# Is a Masters worth it?



## tjv29409 (Jan 17, 2019)

Good Evening,
I am currently a junior undergraduate student, with a double major in Criminal Justice and Spanish and am looking at graduate school. I have an opportunity to attend any Massachusetts State college/university tuition free for graduate school, which would cover a majority of a Masters degree. Many programs like Lowell, Westfield, and Bridgewater all have Masters in Criminal Justice, other universities have more broaden Masters related to a more political science path. I am also an ROTC schloarship and contract with the National Guard, therefore my masters would be halted at one point to attend BOLC (Basic Officers leader course). I was just curious as to what people already in the work force think and is this would be a very smart decision, or if they attended any of these programs their experiences there?


----------



## 02136colonel (Jul 21, 2018)

If it’s free, I’d go for it. More education certainly doesn’t hurt. Otherwise, I’d say that sponsoring yourself to a full time academy would do far more than any degree in terms of getting hired.
In civil service, a degree does very little in terms of hiring. Non civil service, it depends on the department. Once you’re on the job, most departments offer some sort of incentive for having a degree, either Quinn or a contractual incentive. But worry about getting on first.


----------



## j809 (Jul 5, 2002)

Get it , a bachelors degree today is an equivalent of a high school diploma 20 years ago. You will be more marketable and you’re still in study mode, get it done. There will be plenty of time to work 


Sent from my iPhone using Tapatalk


----------



## mpd61 (Aug 7, 2002)

j809 said:


> Get it , a bachelors degree today is an equivalent of a high school diploma 20 years ago. You will be more marketable and you're still in study mode, get it done. There will be plenty of time to work


+1 with j809
This guy knows what he's talking about relative to Higher Education and the L.E. arena. I watched him push his way through every level while supporting a family doing it. Now he's command staff in an unnamed municipality, with a plan to drive his Chief into Psych retirement so he can take over. Listen to this guy, he's stone cold actual, factual real deal smart man.......
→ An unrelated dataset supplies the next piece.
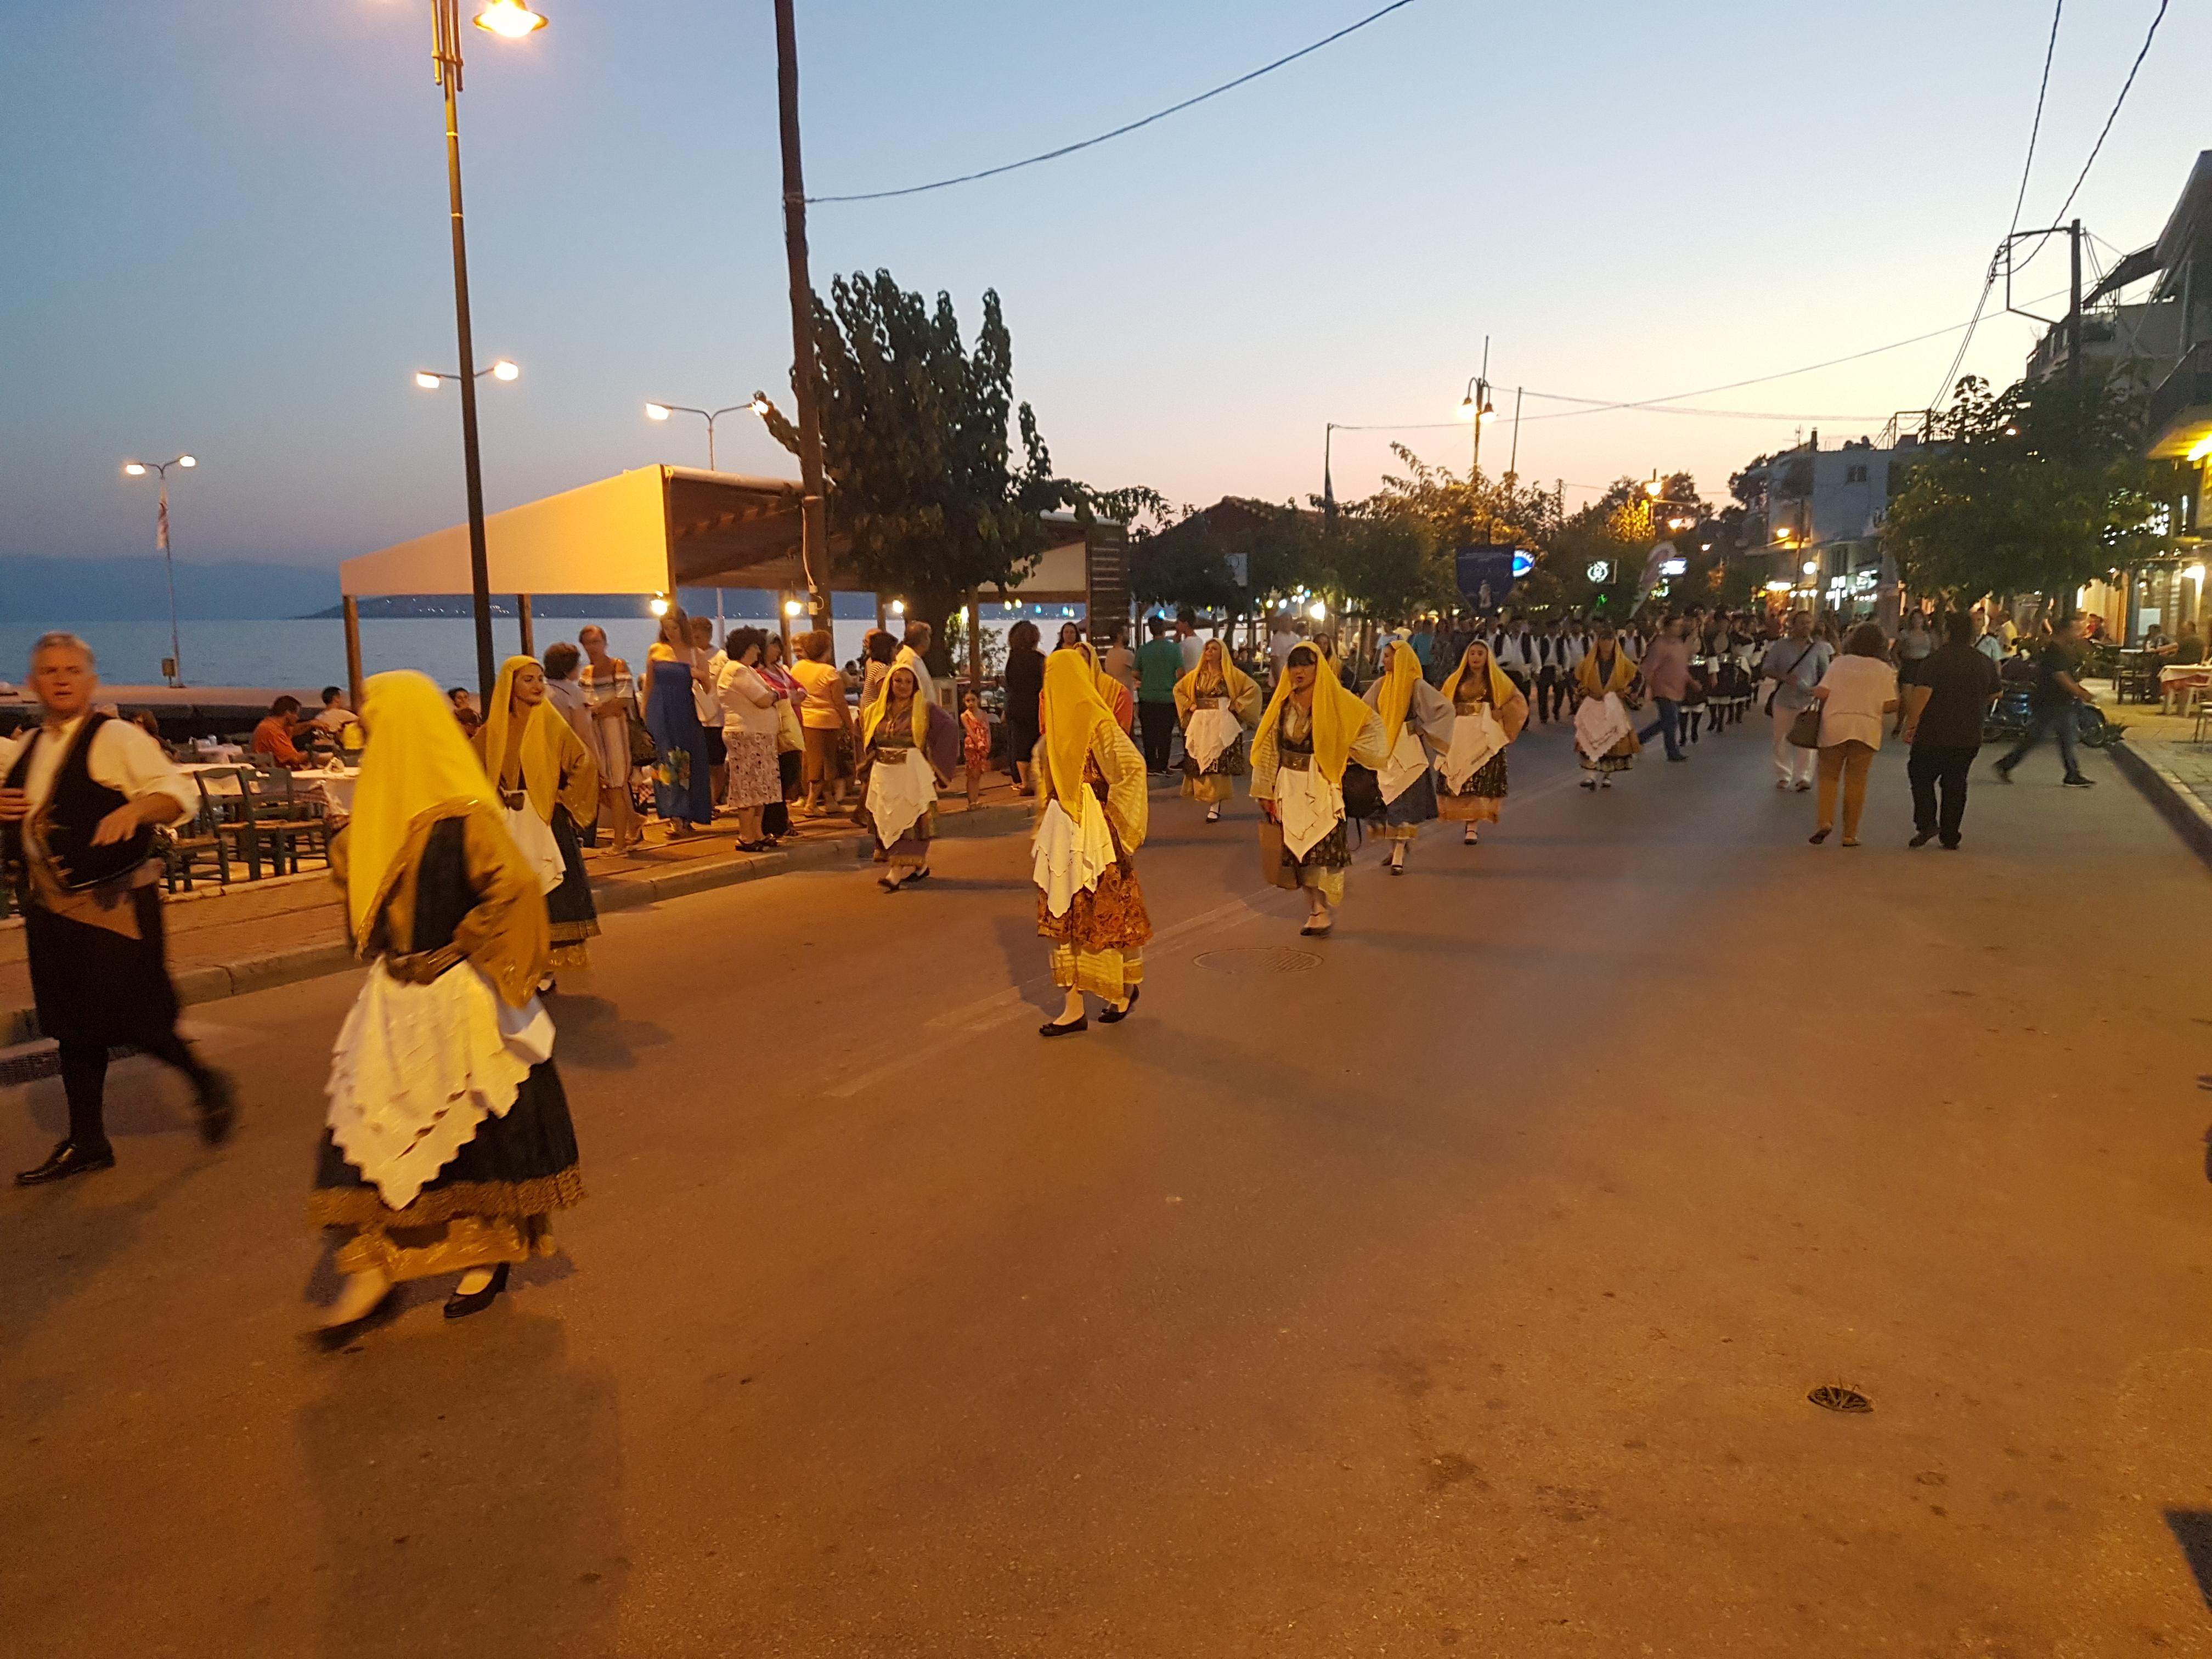 36d56423155 Πραγματοποιήθηκε χθες το φεστιβάλ παραδοσιακών χορών στην Αγριά στο  θεατράκι του ΟΣΕ, που γέμισε από κόσμο, στο πλαίσιο της Ψαράδικης Βραδιάς.

And yes I loathe to admit it......


----------



## j809 (Jul 5, 2002)

mpd61 said:


> +1 with j809
> This guy knows what he's talking about relative to Higher Education and the L.E. arena. I watched him push his way through every level while supporting a family doing it. Now he's command staff in an unnamed municipality, with a plan to drive his Chief into Psych retirement so he can take over. Listen to this guy, he's stone cold actual, factual real deal smart man.......
> 
> And yes I loathe to admit it......


Hahahah you're tapped 

Sent from my iPhone using Tapatalk


----------